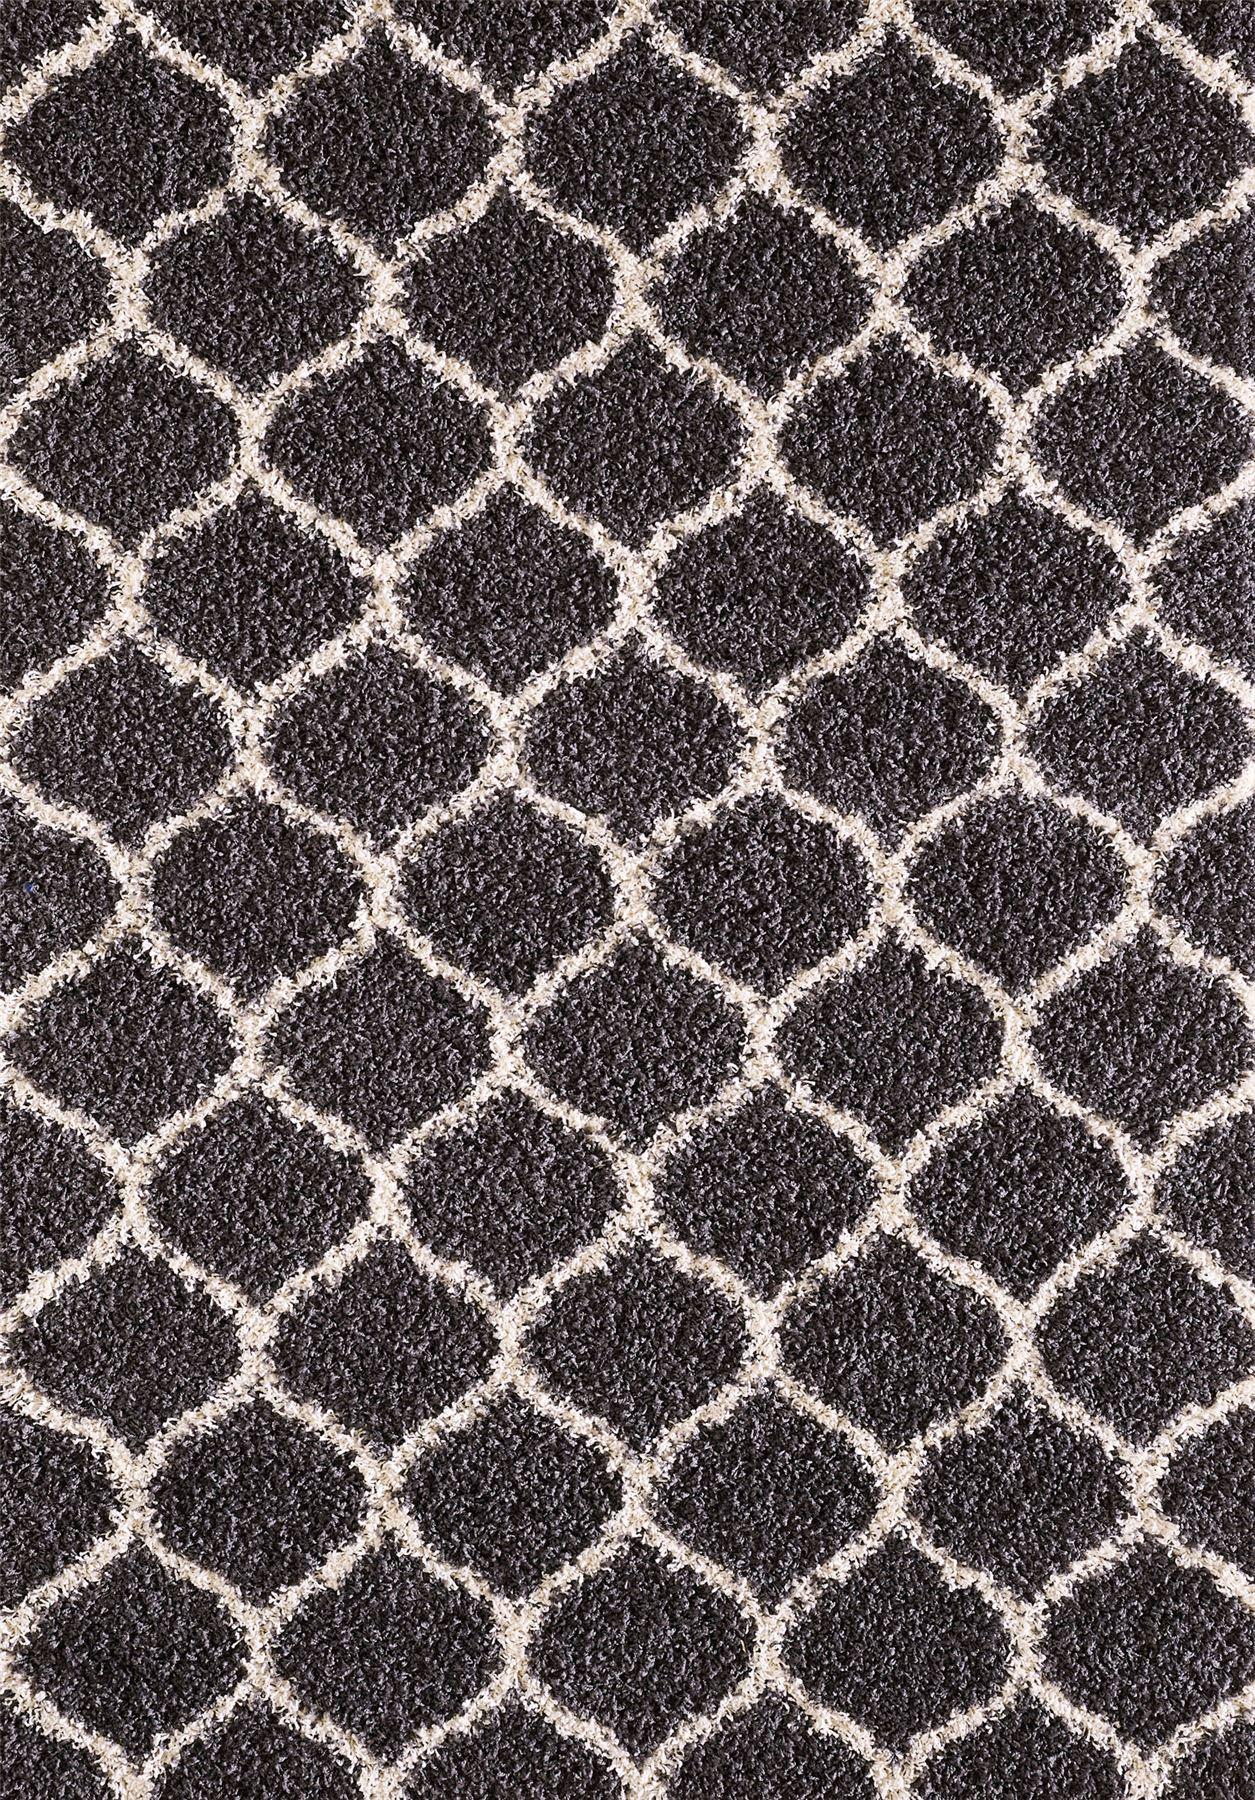 Large Modern Dark Grey Trellis Shaggy Carpet Contemporary Soft Area ... for Modern Black Carpet Texture  557yll
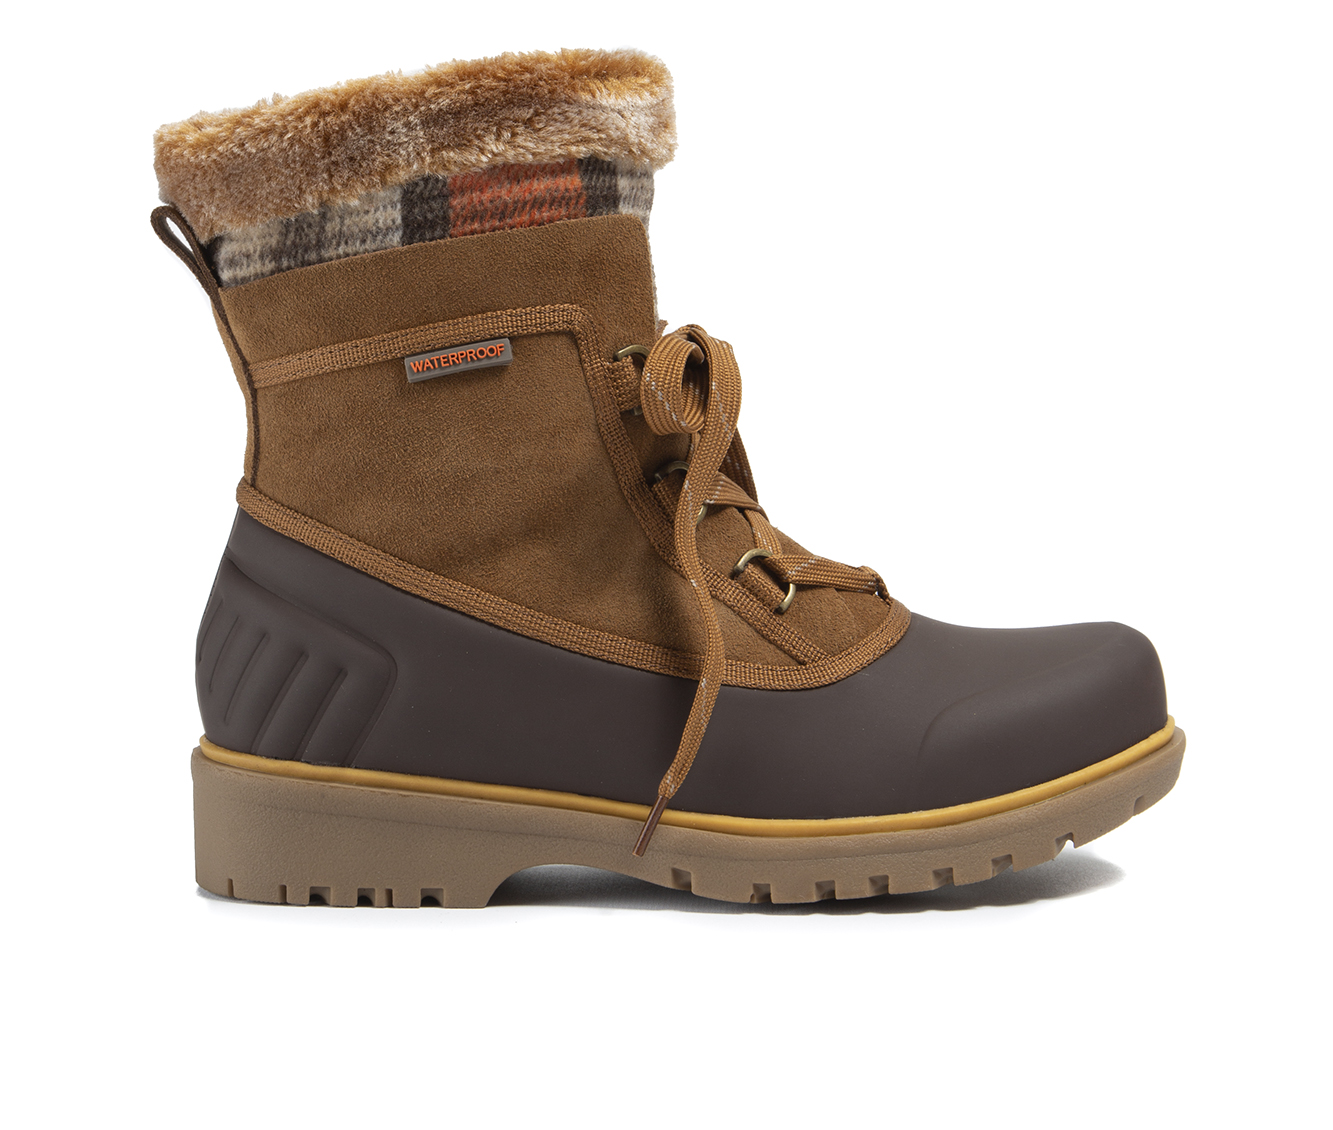 Baretraps Shai Women's Boot (Brown Faux Leather)
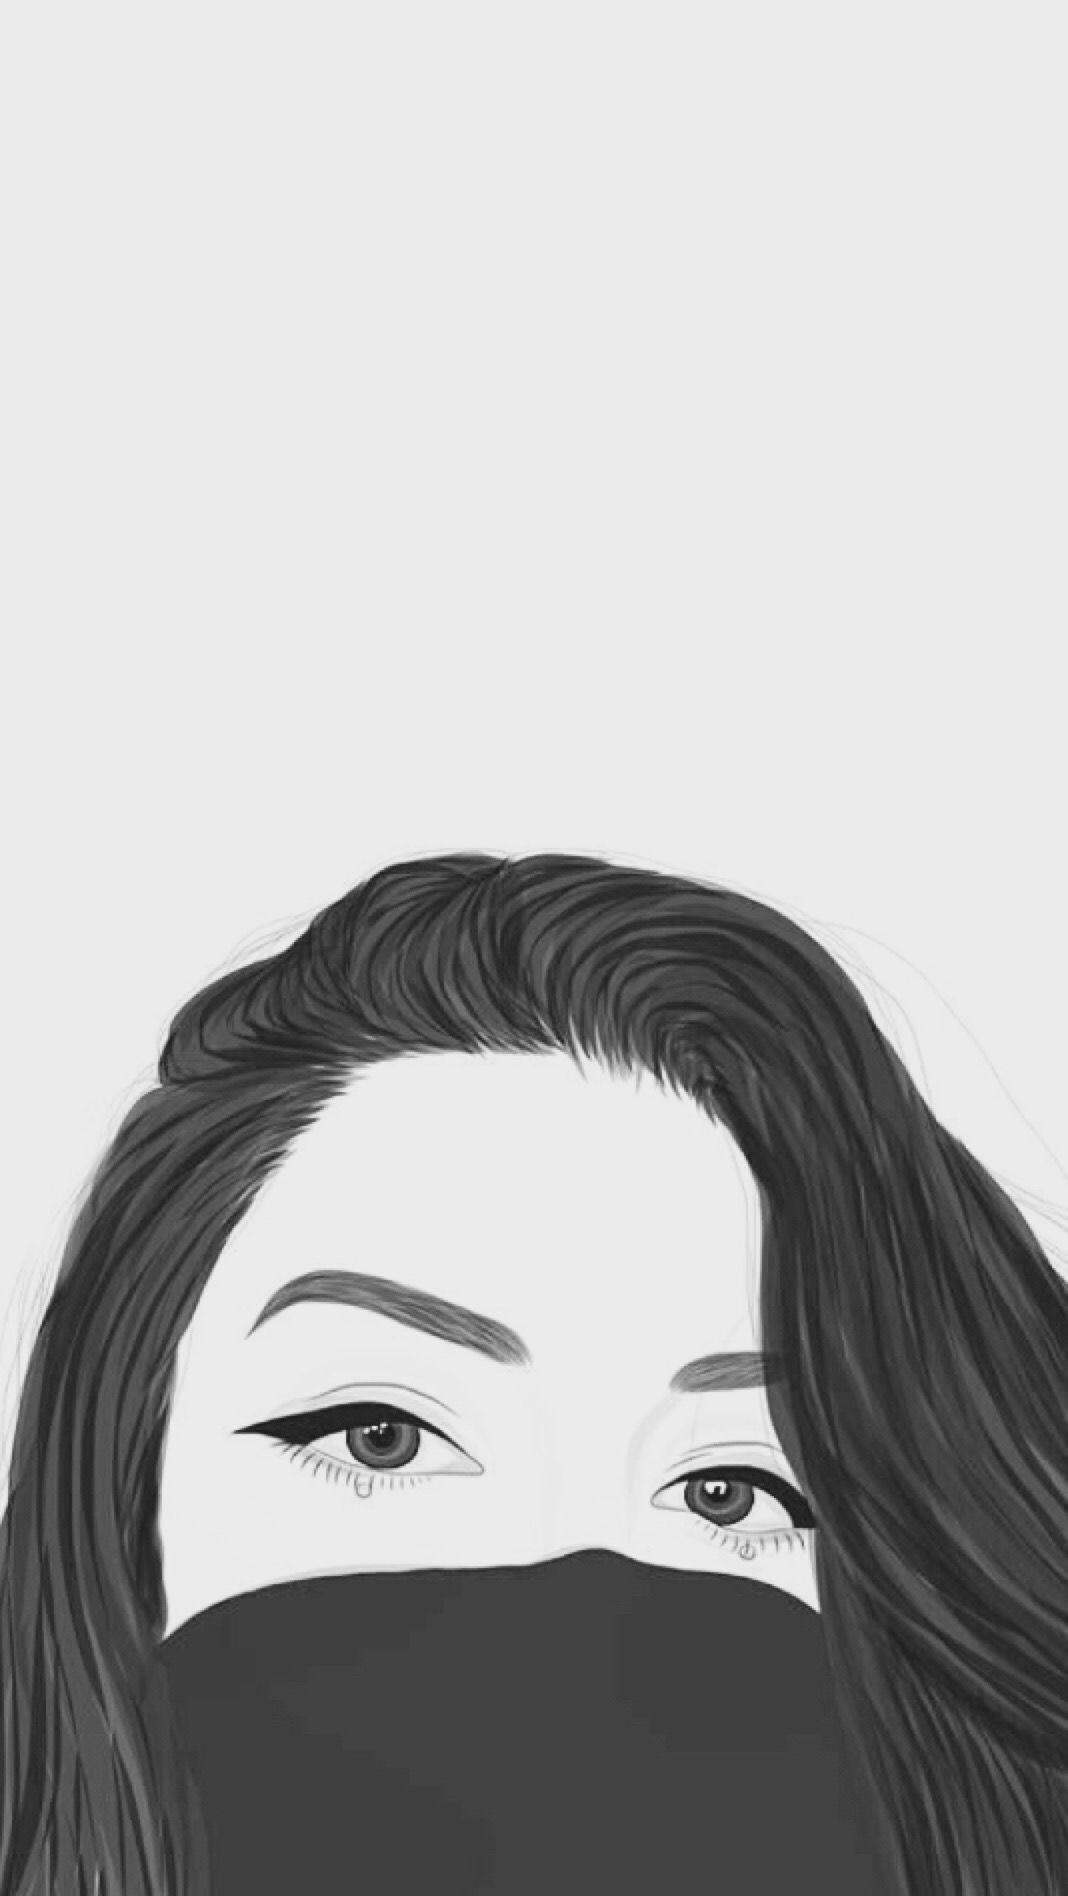 Aesthetic Wallpaper Aesthetic Person Egirl Wallpaper 3d Wallpapers In 2020 Eyes Wallpaper Girl Iphone Wallpaper Drawing Wallpaper

**********

[WORK REQUEST] Take the lines from the one containing "Baretraps Shai Women's" through the last line of the listing and repeat them exactly. Omit the pictures.

[ANSWER AREA]
 Baretraps Shai Women's Boot (Brown Faux Leather)
 Aesthetic Wallpaper Aesthetic Person Egirl Wallpaper 3d Wallpapers In 2020 Eyes Wallpaper Girl Iphone Wallpaper Drawing Wallpaper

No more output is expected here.